The path portion of the URL (from the beginning /
up to the ?
that separates the path from the query) can be grouped by common patterns, as is common for REST interfaces.
For example, given a URL fragments like:
/books/978-0812536362
/books/978-9995788940
We can break the fragments into a field containing the generic endpoint (/books/:isbn
) and a separate field for the ISBN number itself by specifying a --request_pattern
flag:
honeytail ... \ # other arguments
--parser=nginx \
--request_pattern=/books/:isbn
This will produce, among other fields:
request_path | request_shape | request_path_isbn | (other fields) |
---|---|---|---|
/books/978-0812536362 | /books/:isbn | 978-0812536362 | … |
/books/978-9995788940 | /books/:isbn | 978-9995788940 | … |
You can specify multiple --request_pattern
flags and they’ll be considered in order. The first one to match a URL will be used. Patterns should represent the entire path portion of the URL - include a “*” at the end to match arbitrary additional segments.

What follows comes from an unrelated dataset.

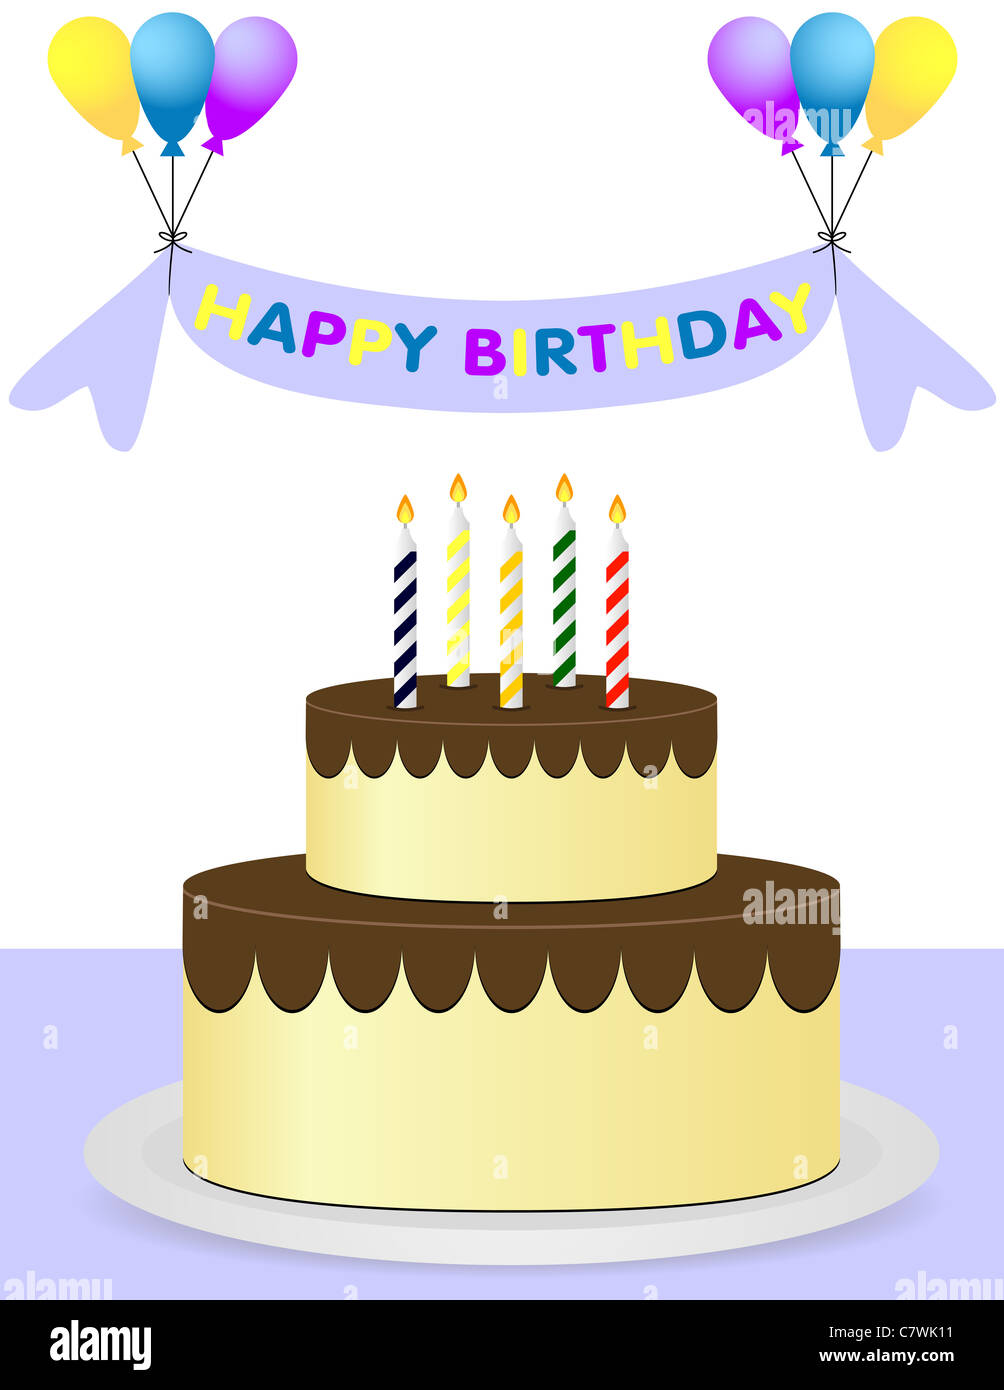 Strange Happy Birthday Background With Cake And Balloons Stock Photo Funny Birthday Cards Online Elaedamsfinfo
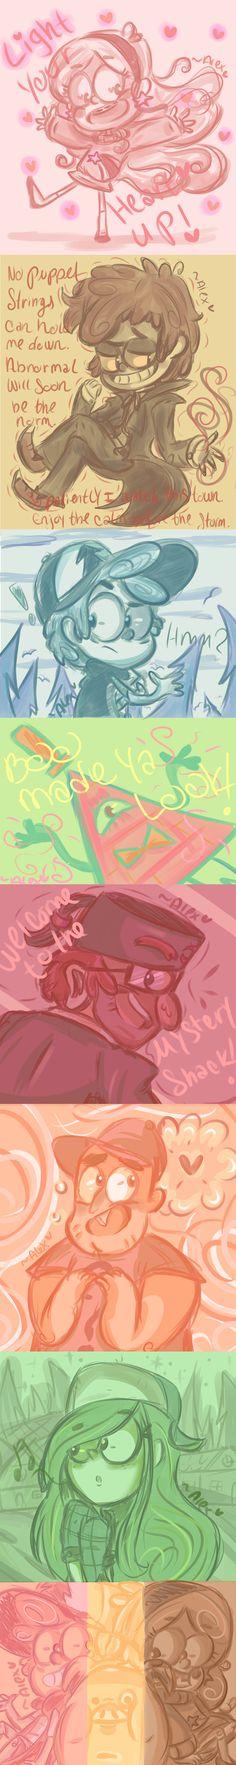 Gravity Falls flavor palettes by chibiirose on DeviantArt Gravity Falls Fan Art, Gravity Falls Comics, Dipper Y Mabel, Desenhos Gravity Falls, Bipper, Reverse Falls, Billdip, Stay Weird, Cool Cartoons

For example, if we have a wider variety of URL fragments, like:
/books/978-0812536362
/books/978-3161484100/borrow
/books/978-9995788940
/books/978-9995788940/borrow
We can provide our additional --request_pattern
flags and track a wider variety of request_shape
s:
honeytail ... \ # other arguments
--parser=nginx \
--request_pattern=/books/:isbn/borrow --request_pattern=/books/:isbn
We’ll see our request_path_isbn
populated as before, as the :isbn
parameter is respected in both patterns:
request_path | request_shape | request_path_isbn | (other fields) |
---|---|---|---|
/books/978-0812536362 | /books/:isbn | 978-0812536362 | … |
/books/978-3161484100/borrow | /books/:isbn/borrow | 978-3161484100 | … |
/books/978-9995788940 | /books/:isbn | 978-9995788940 | … |
/books/978-9995788940/borrow | /books/:isbn/borrow | 978-9995788940 | … |
A URL’s query string can be broken apart similarly, with the --request_query_keys
flag, with generated fields named like <field>_query_<keyname>
.
If, on top of our previous examples, our URL fragments had query strings like:
/books/978-0812536362?borrower_id=23597
Providing --request_query_keys=borrower_id
would return us a Honeycomb event with a request_query_borrower_id
field with a value of 23597
.
If you would like to automatically create a field for every key in the query string, you can use the flag --request_parse_query=all
. This will automatically create a new field <field>_query_<key>
for every query parameter encountered in the query string. For any publicly accessible web server, it is likely that this will quickly create many useless columns because of all the random traffic on the internet.
For more detail and examples see our urlshaper package on GitHub.